• **PROBLEM STATEMENT**
Drop the pictures and repeat the remaining data exactly.
== SUPPLIED INFORMATION
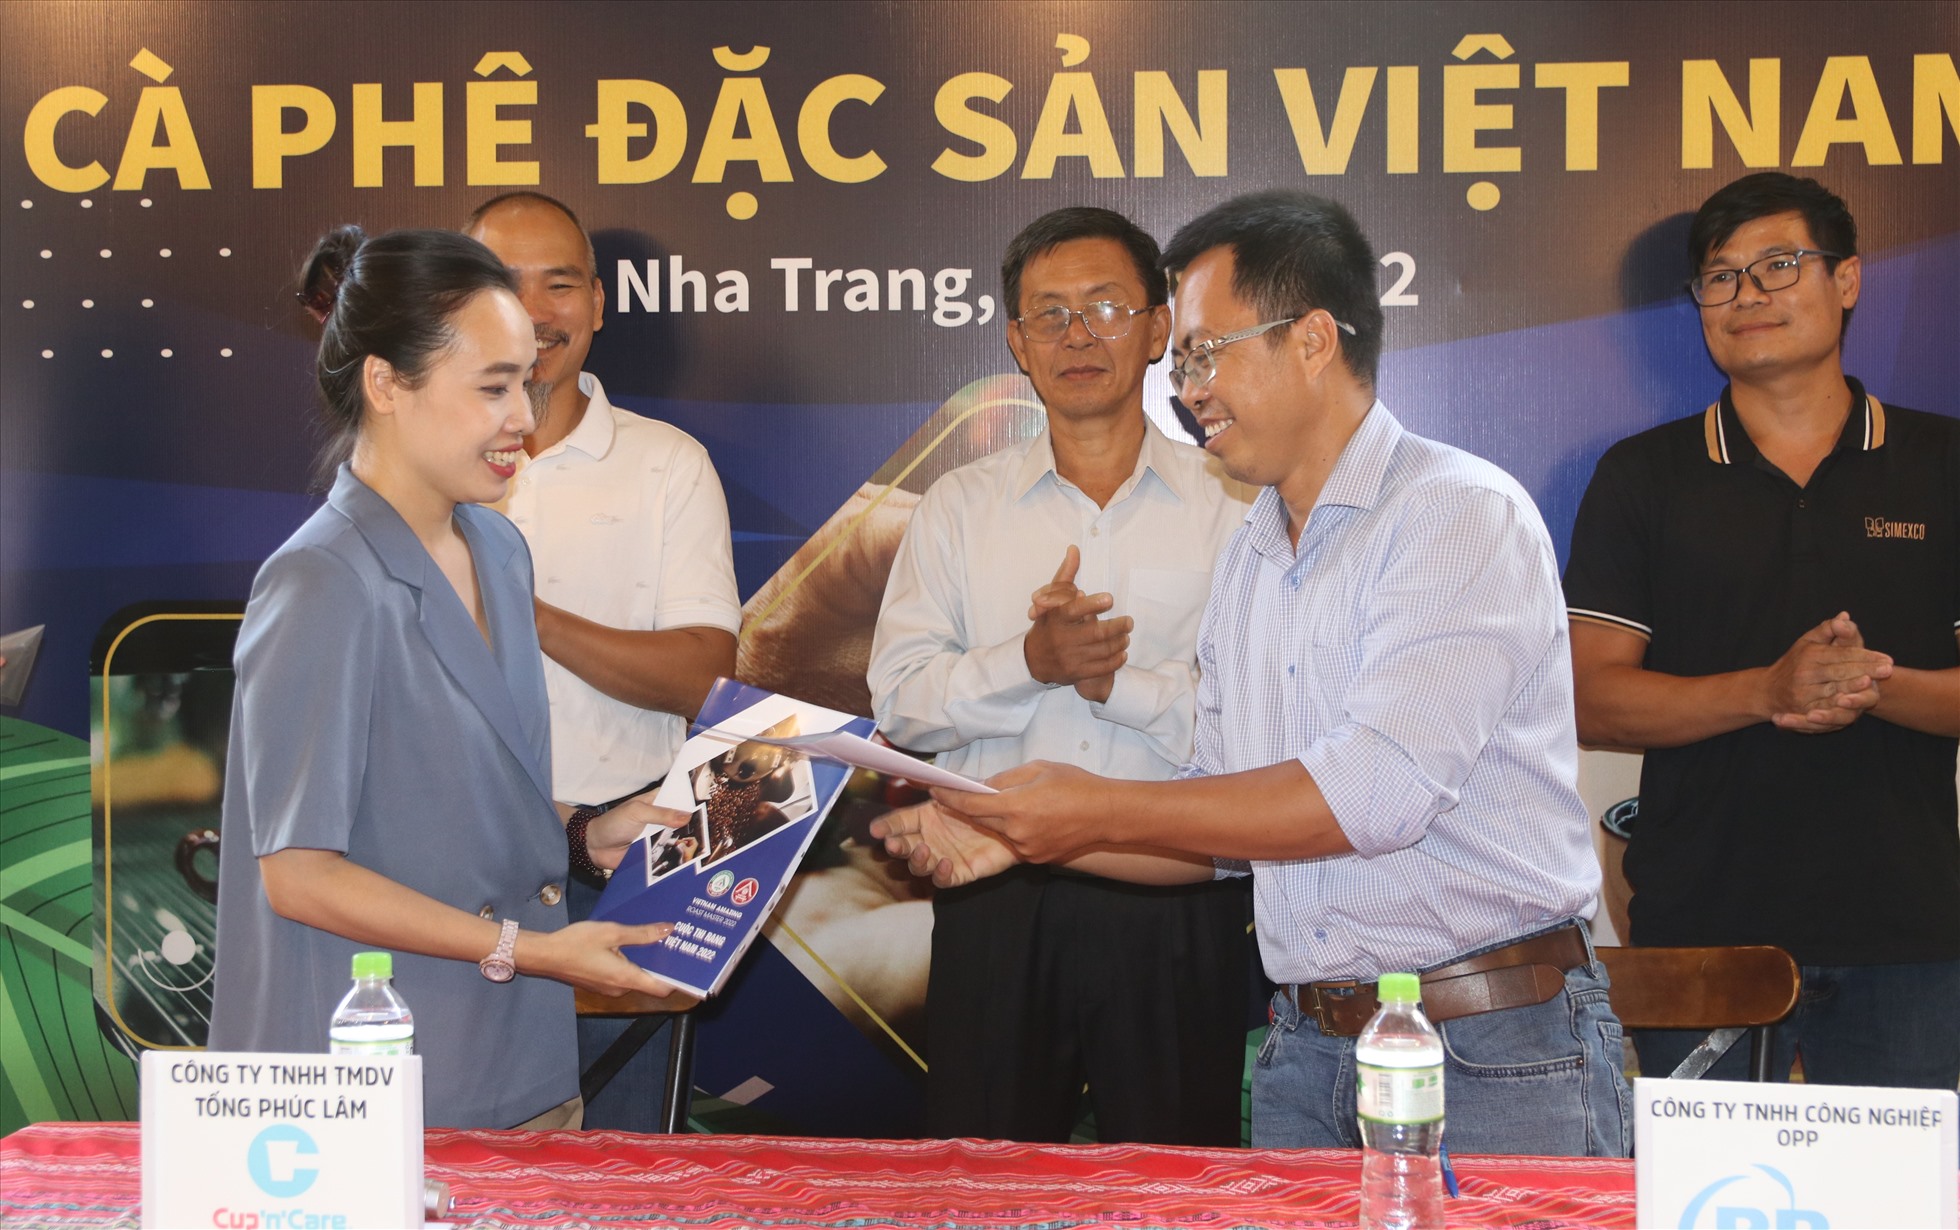 Kết thúc hành trình trải nghiệm cà phê đặc sản Việt Nam tại Nha Trang các đơn vị tham gia chuỗi cà phê đặc sản Việt Nam đã có nhiều ký kết mạnh mẽ để phát triển dòng sản phẩm cà phê chất lượng, mang lại giá trị thực sự cho người nông dân.
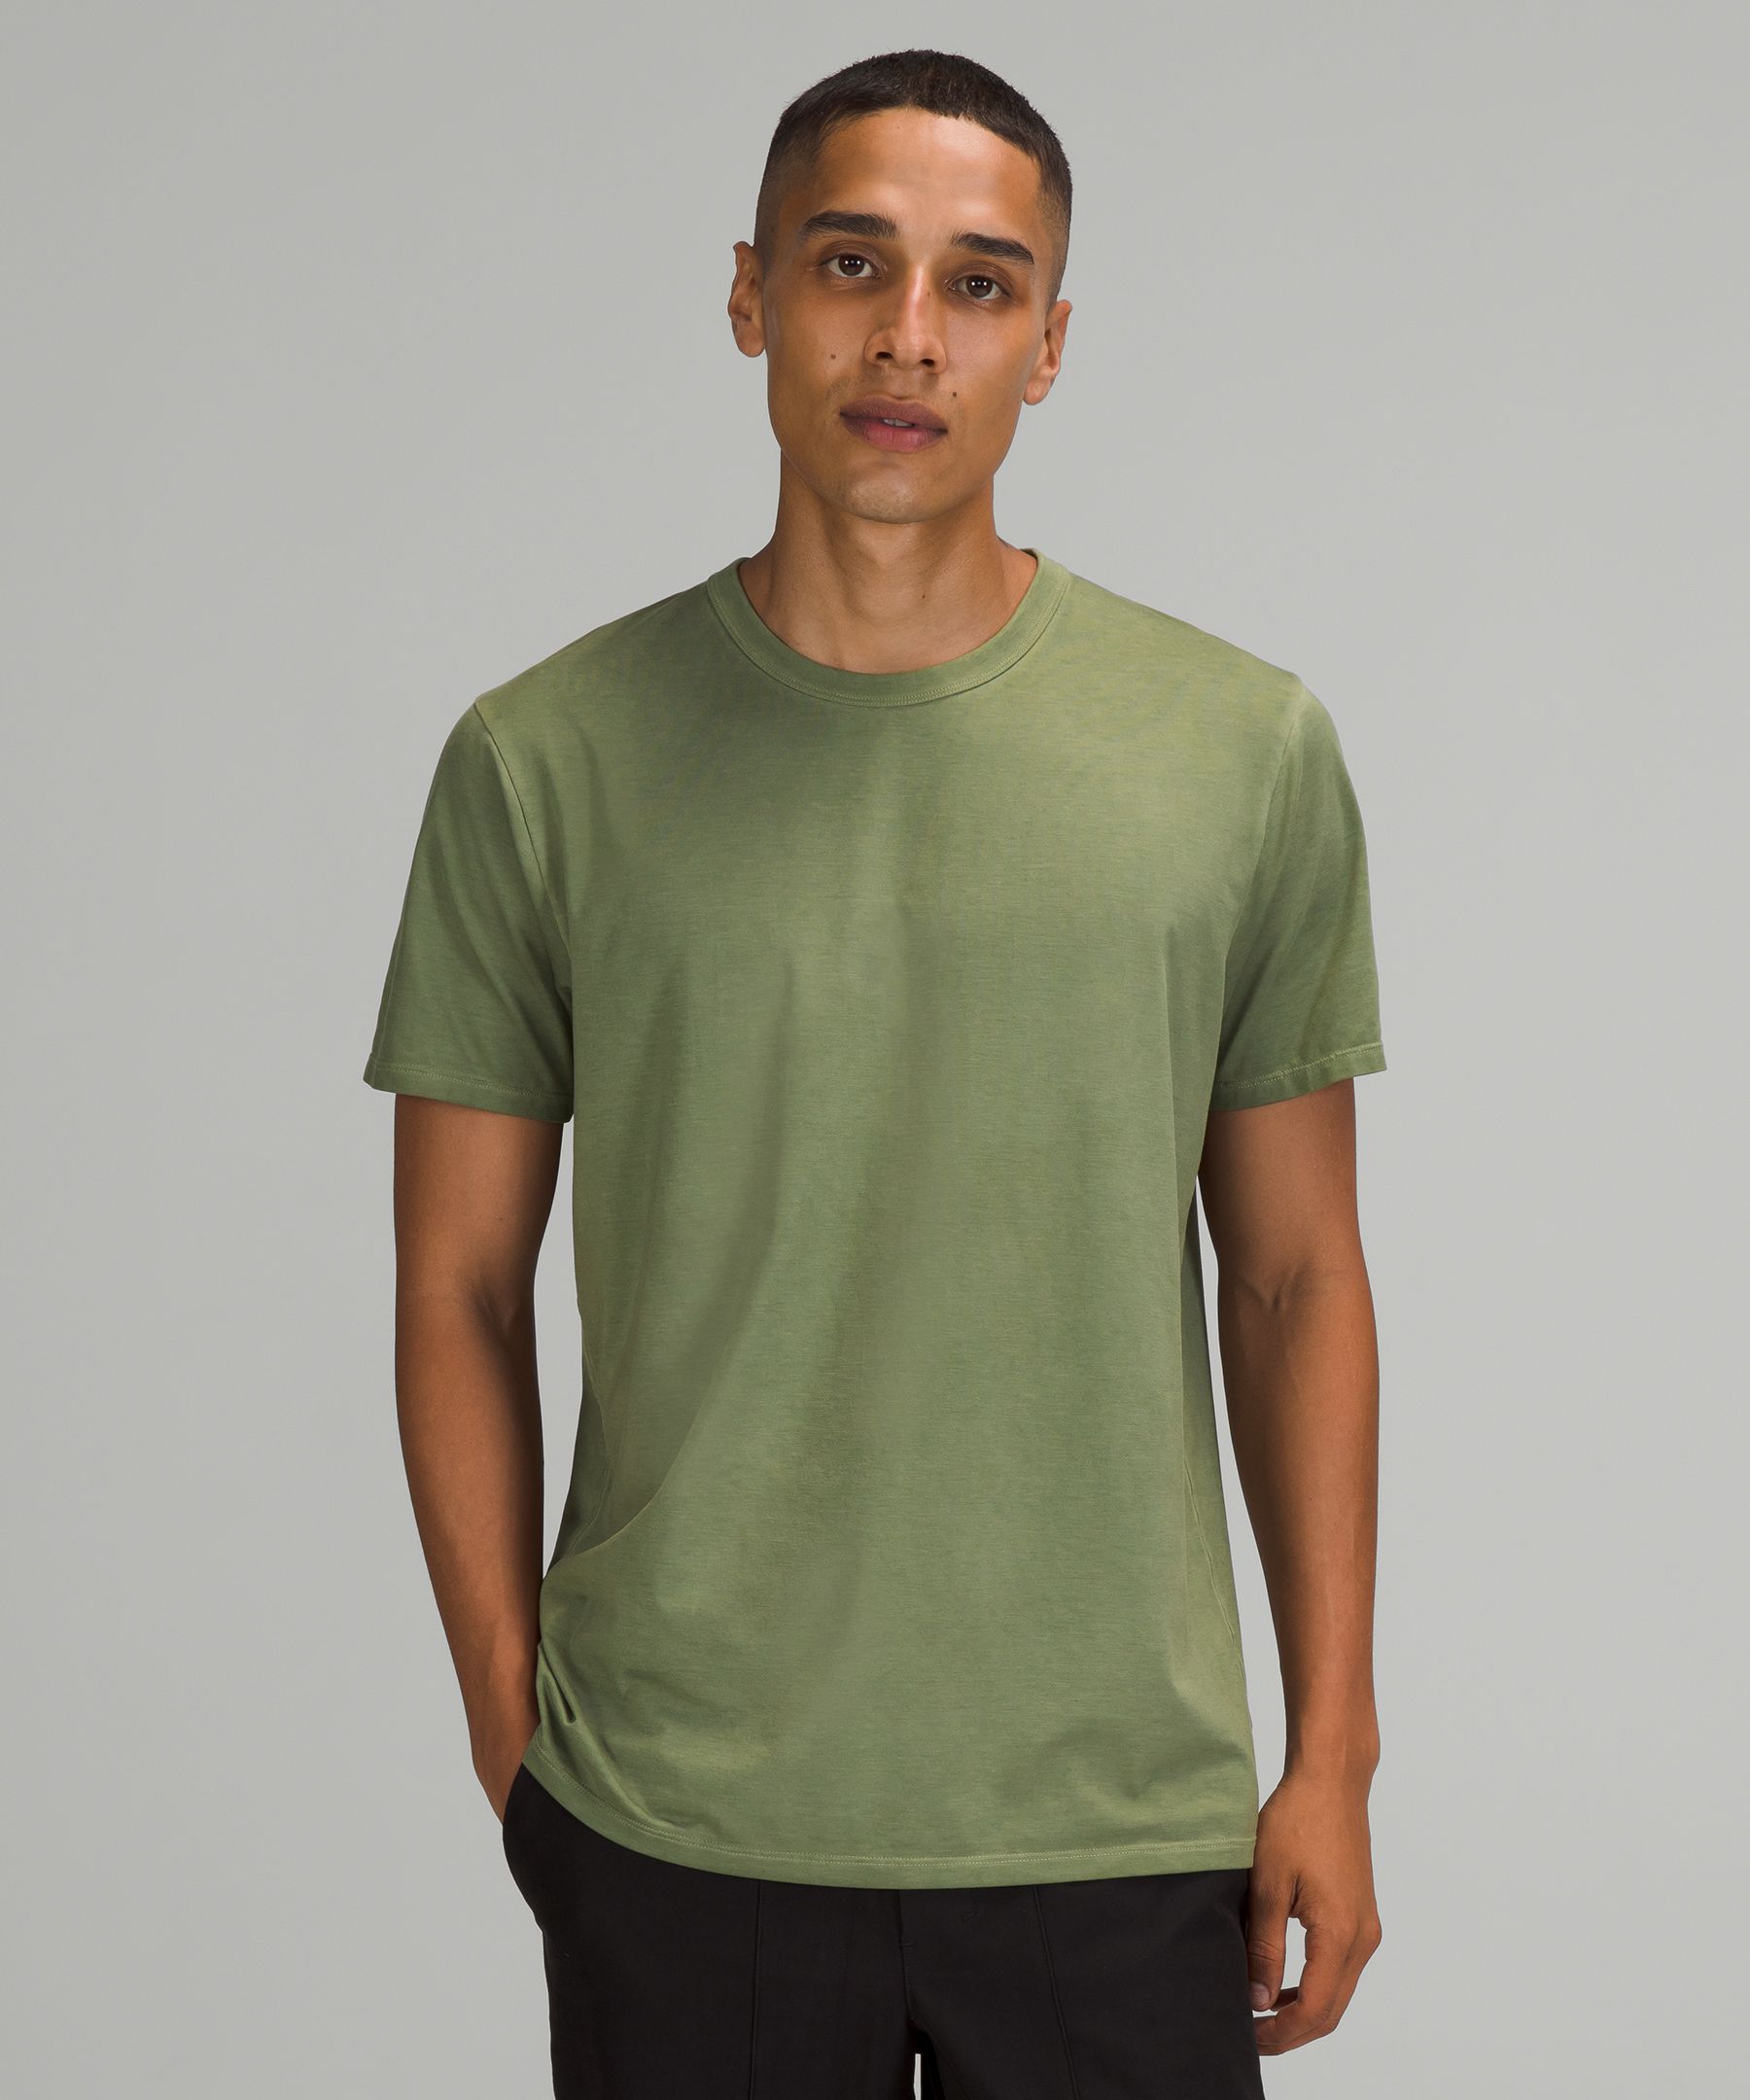 Lululemon The Fundamental T-shirt In Breeze Dye Green Twill
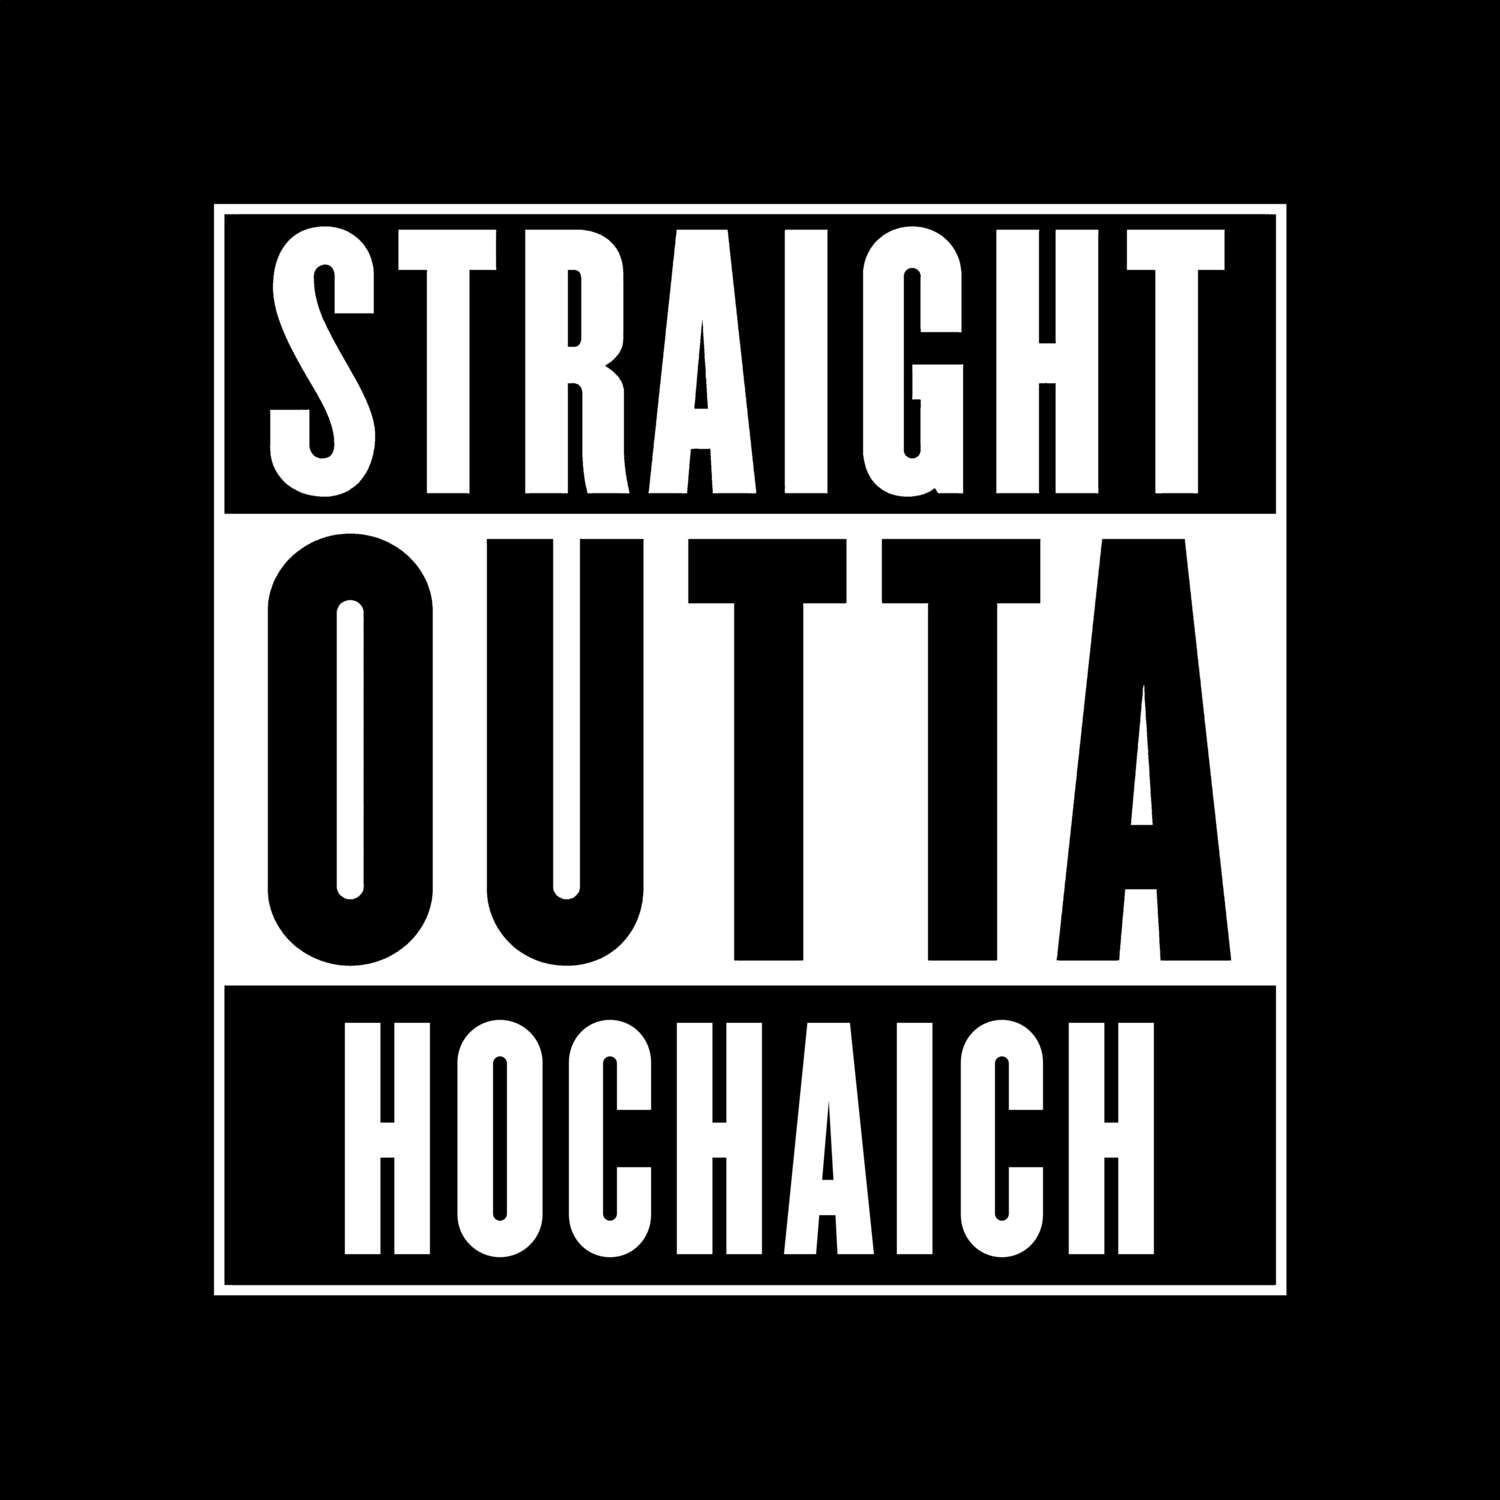 Hochaich T-Shirt »Straight Outta«
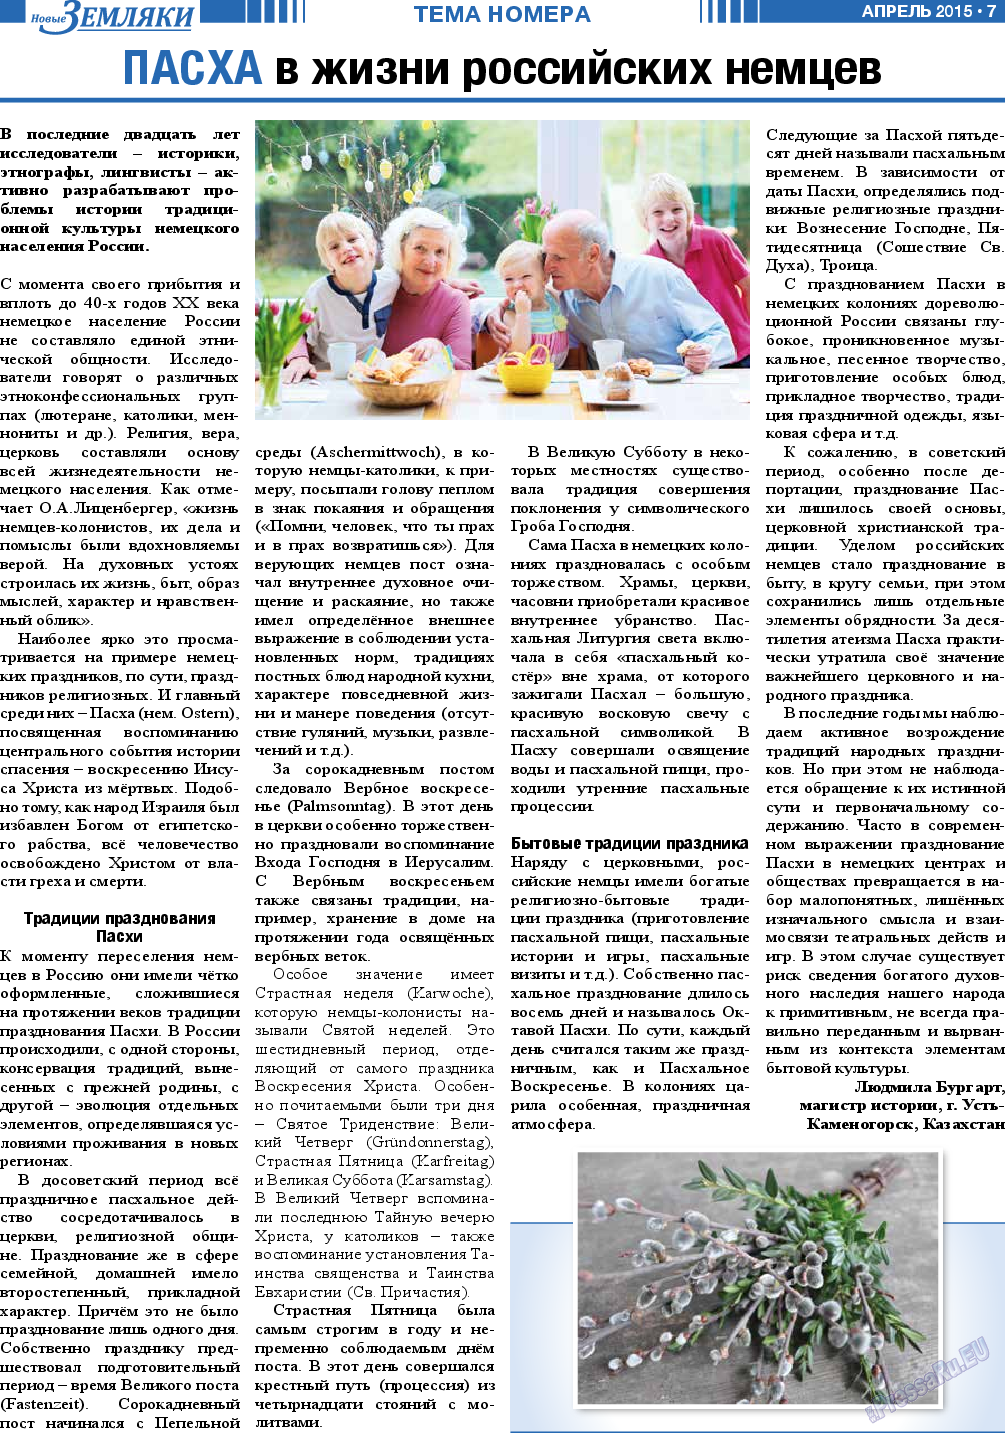 Новые Земляки, газета. 2015 №4 стр.7
====
• **RESPONSE BOX**
 Kết thúc hành trình trải nghiệm cà phê đặc sản Việt Nam tại Nha Trang các đơn vị tham gia chuỗi cà phê đặc sản Việt Nam đã có nhiều ký kết mạnh mẽ để phát triển dòng sản phẩm cà phê chất lượng, mang lại giá trị thực sự cho người nông dân.
 Lululemon The Fundamental T-shirt In Breeze Dye Green Twill
 Hochaich T-Shirt »Straight Outta«
 Новые Земляки, газета. 2015 №4 стр.7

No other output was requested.